WORK TASK:
Nothing in the data should change when you return it, but leave the pictures out.
[SOURCE MATERIAL Boundary: Start]
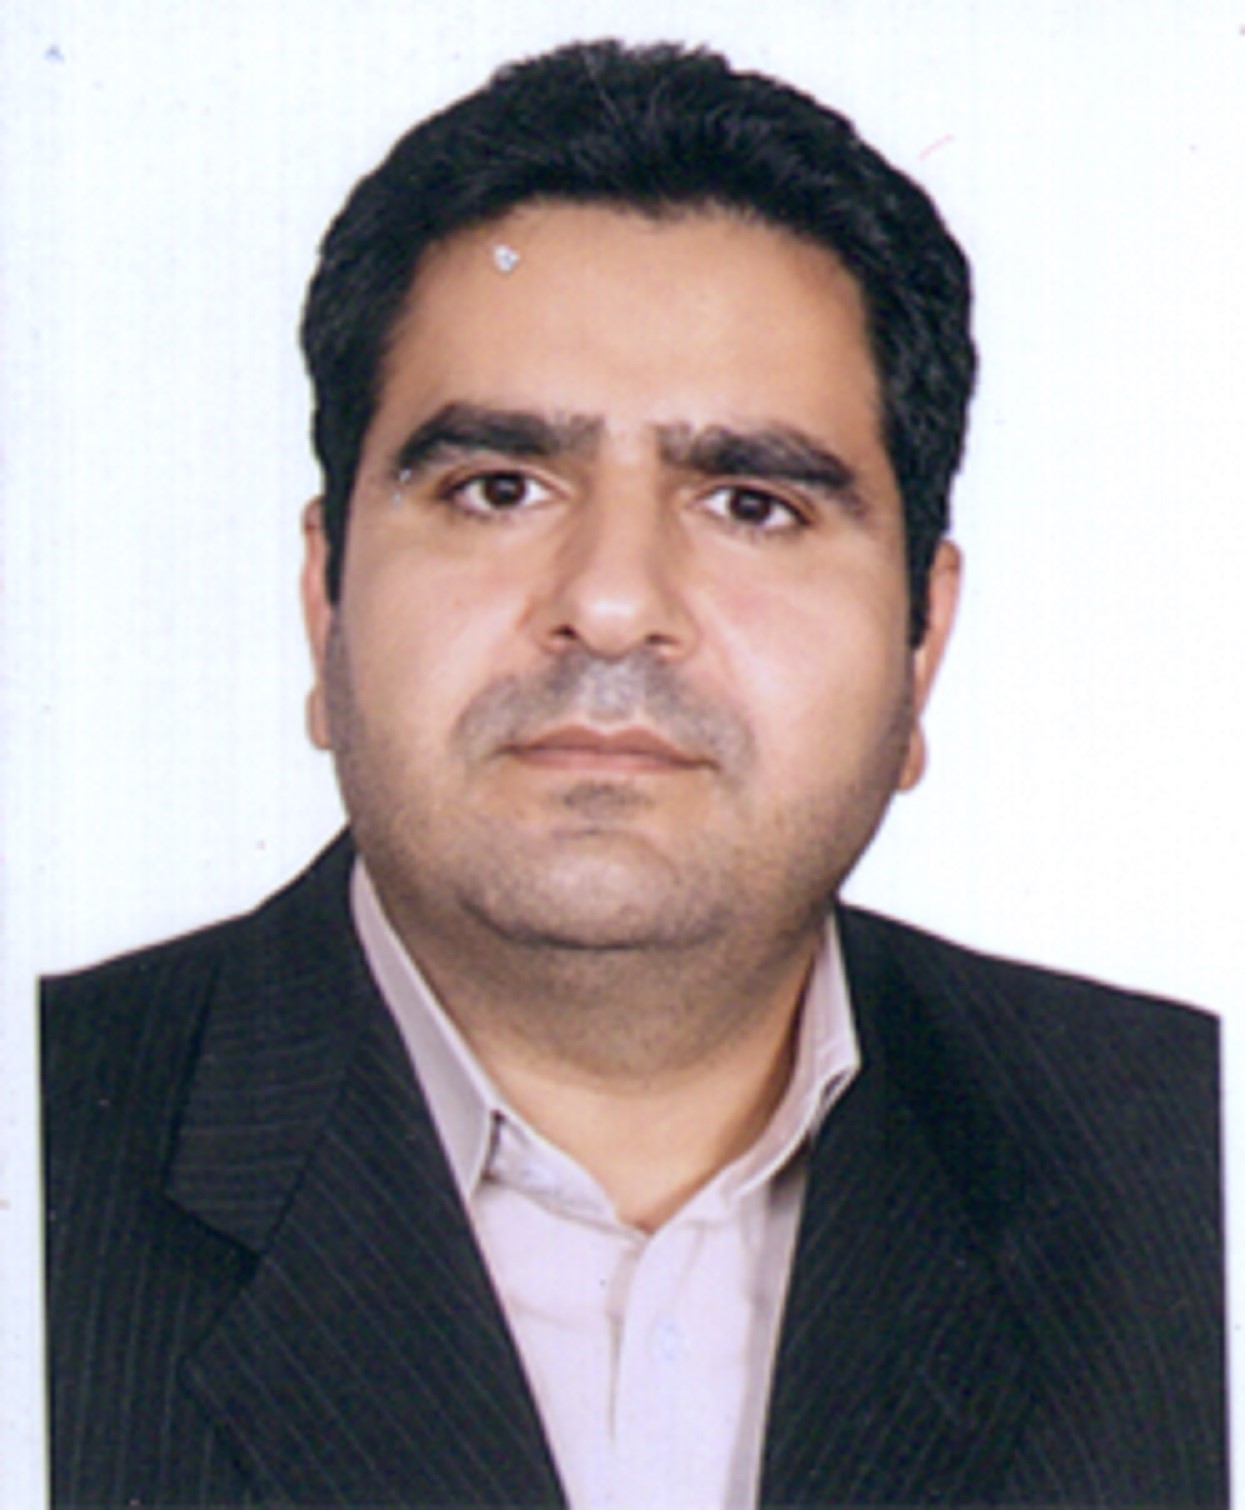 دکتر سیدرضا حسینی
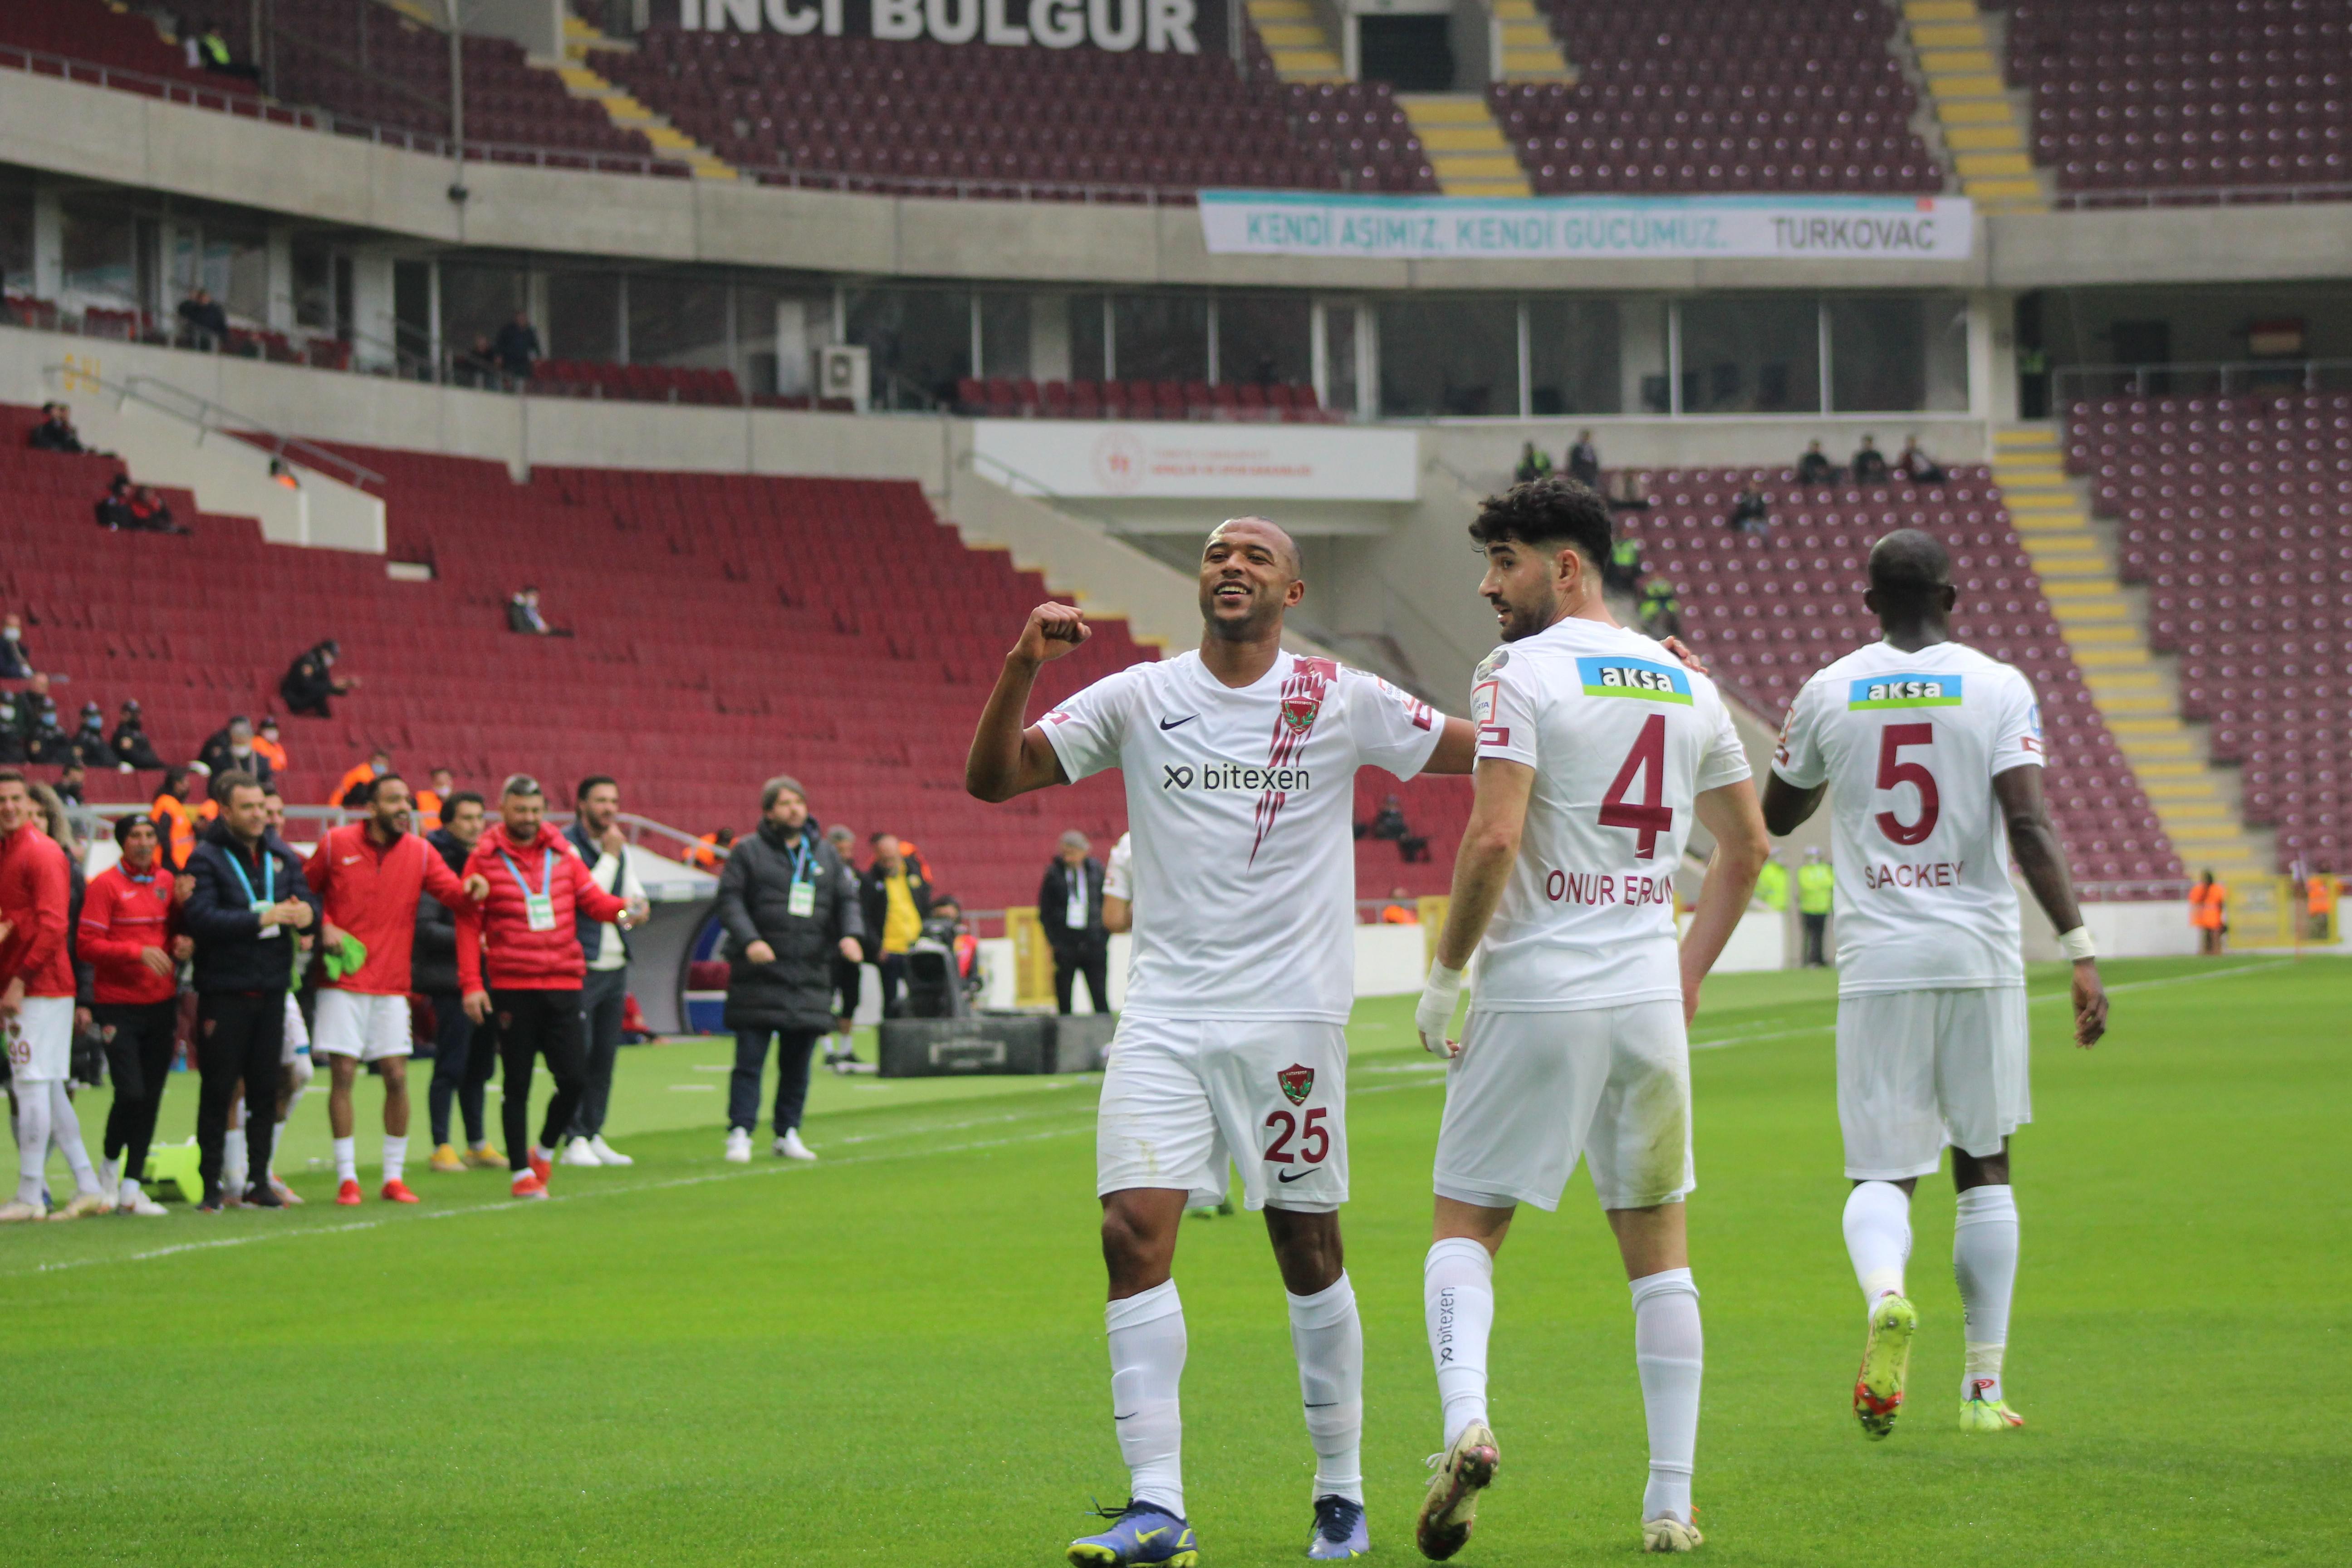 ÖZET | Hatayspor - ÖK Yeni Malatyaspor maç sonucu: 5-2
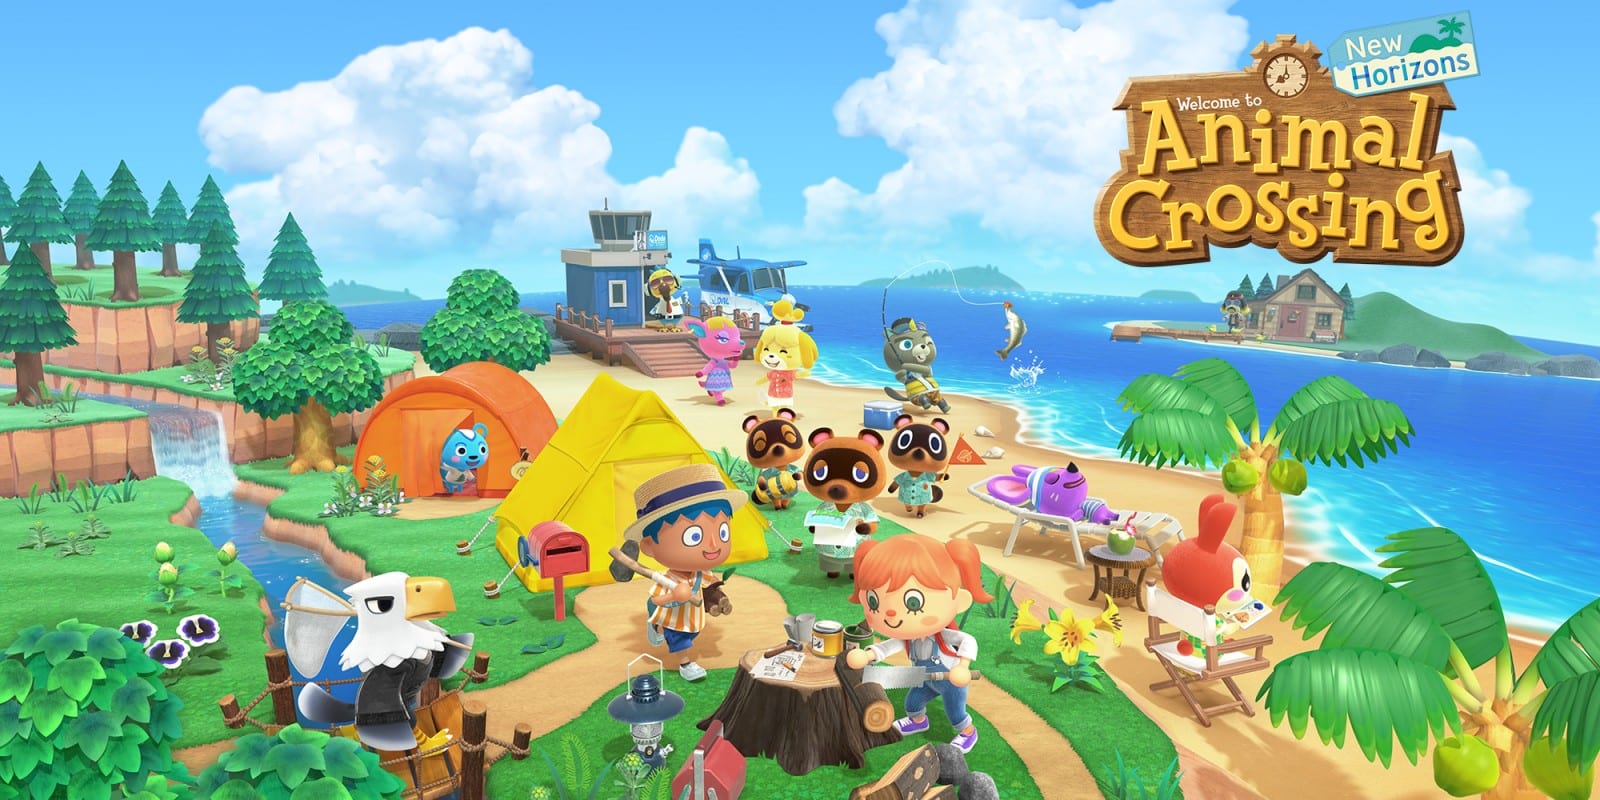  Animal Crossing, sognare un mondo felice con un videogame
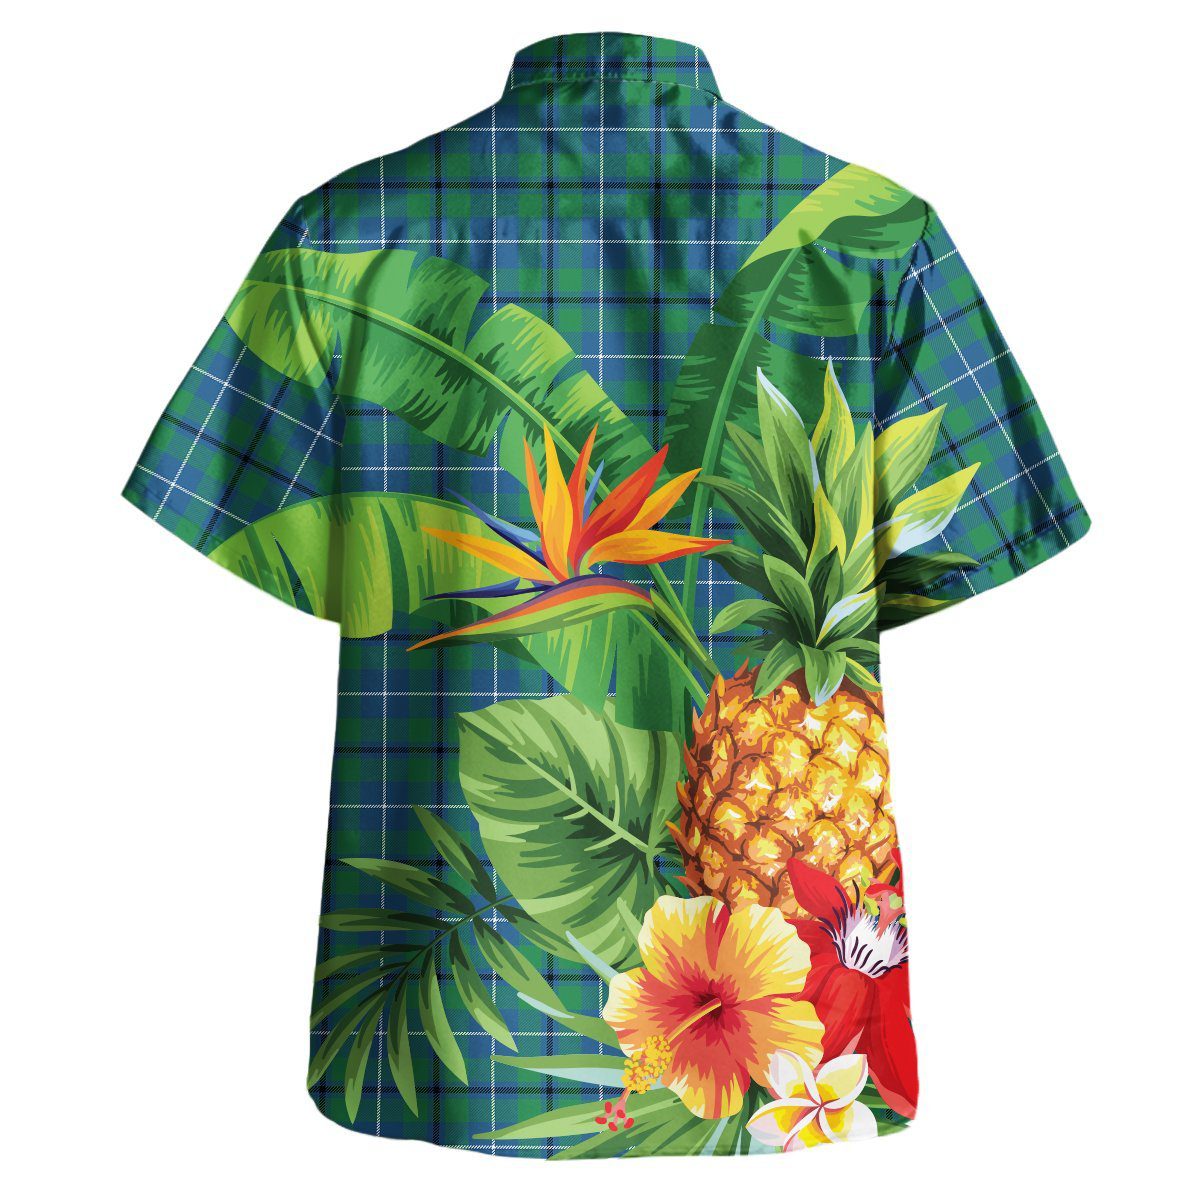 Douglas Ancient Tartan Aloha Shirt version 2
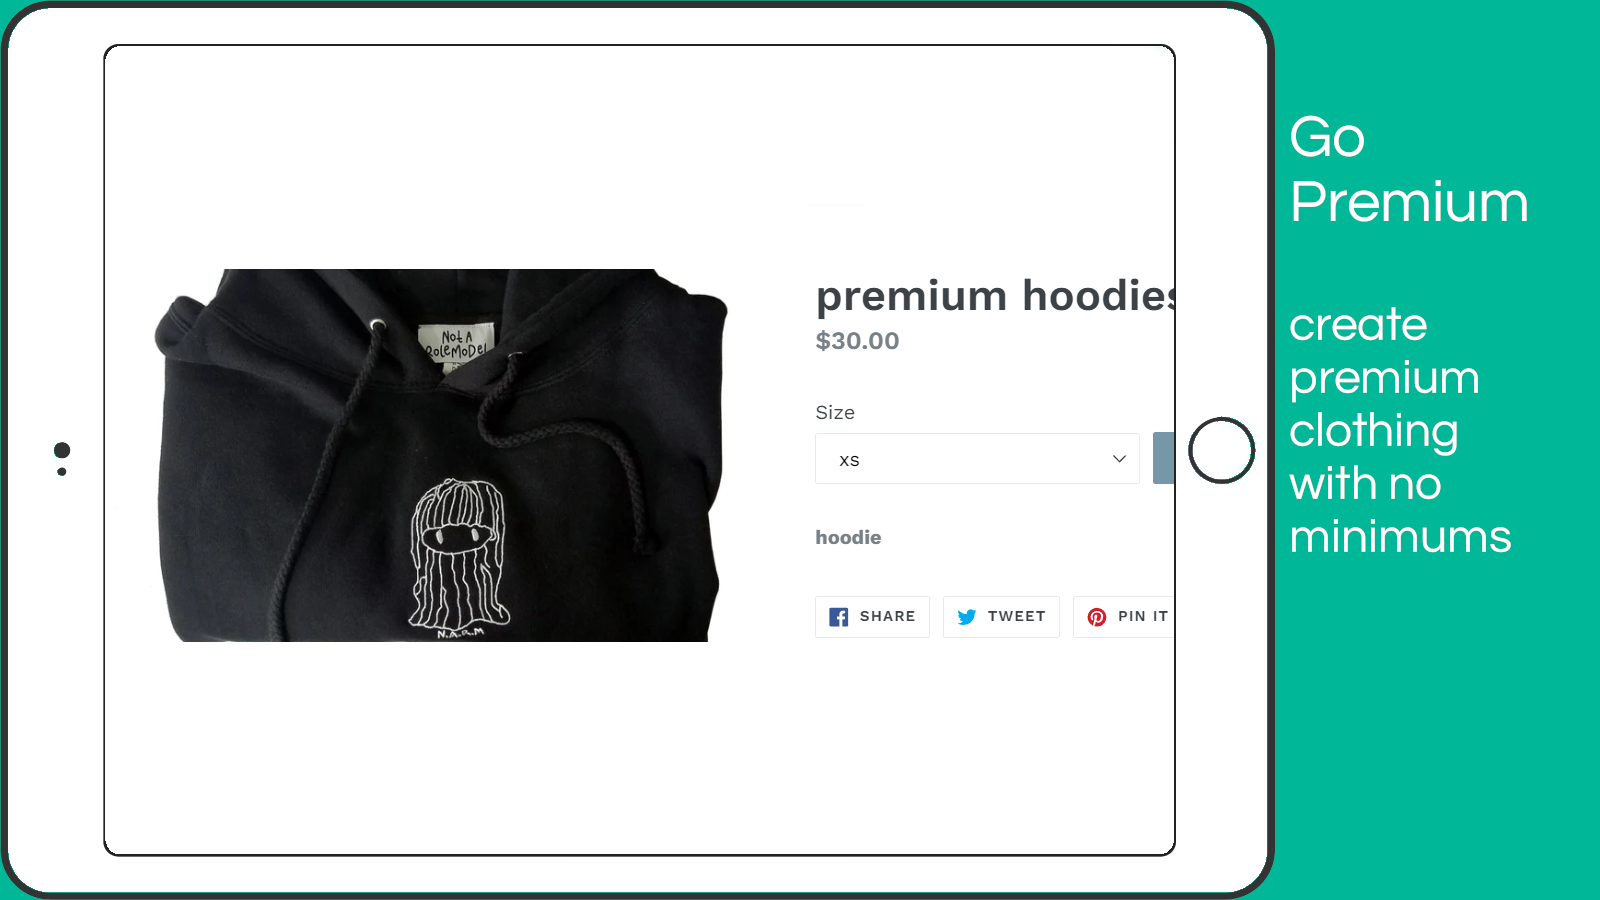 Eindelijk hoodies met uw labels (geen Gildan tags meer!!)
[SOURCE MATERIAL Boundary: End]
RESPONSE BOX:
 دکتر سیدرضا حسینی
 ÖZET | Hatayspor - ÖK Yeni Malatyaspor maç sonucu: 5-2
  Animal Crossing, sognare un mondo felice con un videogame
 Douglas Ancient Tartan Aloha Shirt version 2
 Eindelijk hoodies met uw labels (geen Gildan tags meer!!)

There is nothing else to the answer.